According to an obituary article about Elijah Muhammad published in the New York Times in 1975 after his death, a Black conservative named George Schuyler also complimented Muhammad in a Pittsburgh Courier article in 1959.
“Mr. Muhammad may be a rogue and a charlatan, but when anybody can get tens of thousands of Negroes to practice economic solidarity, respect their women, alter their atrocious diet, give up liquor, stop crime, juvenile delinquency and adultery, he is doing more for Negroes’ welfare than any current Negro leader I know,” Schuyler reportedly wrote.
“There is no man who is unflawed. … The Hon. Elijah Muhammad was the greatest psychologist that Black people ever created, bar none,” psychologist Dr. Amos Wilson said during a lecture that can be viewed on YouTube.
Those giving Muhammad his flowers are not limited to Black leaders who are no longer among the living.
Powerhouse media and business executive Cathy Hughes has also spoken highly of Muhammad. “The Honorable Elijah Muhammad was one of the greatest African American leaders of this century,” Hughes said in a quote endorsing a book about Muhammad and the Nation of Islam.
The Moguldom Nation founder Jamarlin Martin tweeted a photo of himself and Hughes that he captioned with the quote. He added, “Elijah is ‘all up in the guts’ of Black accomplishment. Many are inspired but they have to keep it secret or checks stop immediately.”
Men and women across the country are continuing to send Muhammad birthday wishes on social media.
“The Honorable Elijah Muhammad What a man! What a gift! …We thank Allah for this magnificent human being! 125 years old today!” a Twitter user identified as Ishmael Muhammad wrote.

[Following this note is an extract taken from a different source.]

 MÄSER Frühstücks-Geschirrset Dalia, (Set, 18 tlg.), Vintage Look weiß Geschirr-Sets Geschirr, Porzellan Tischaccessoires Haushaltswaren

“ASA! We are eternally grateful and thankful to Allah for the GIFT of The Most Honorable Elijah Muhammad. The GIFT that keeps on living and giving,” Missey Muhammad wrote.
“Happy 125th Birth Anniversary to The Most Honorable Elijah Muhammad . A Man who raised a Nation within a Nation,” Asad Muhammad tweeted.

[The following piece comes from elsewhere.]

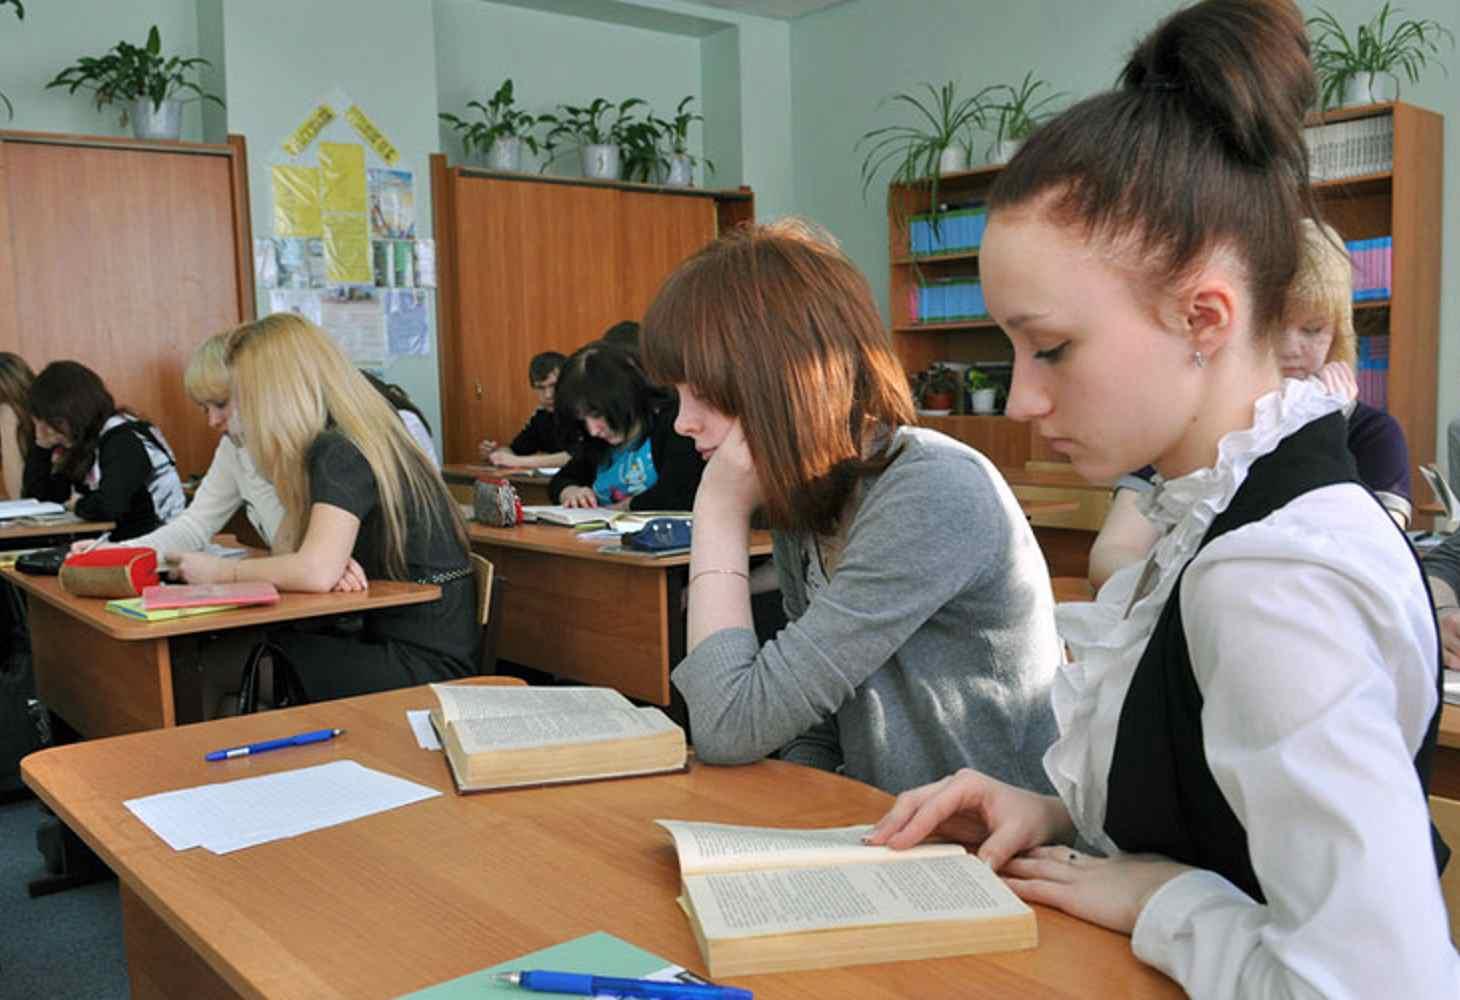 bolee-500-shkol-rossii-primut-uchastie-v-mezhdunarodnom-issledovanii-timss-2019

“When you think of how extraordinary these men are, think of Who they have in common. What a phenomenal teacher to have,” @B1ack_Woman wrote. “He taught and brought out the best in them and this is why we appreciate them today. All praise is due to Allah (God) for The Most Honorable Elijah Muhammad.”
PHOTO: Elijah Muhammad. Photo: Chicago Urban League Photos (University of Illinois at Chicago)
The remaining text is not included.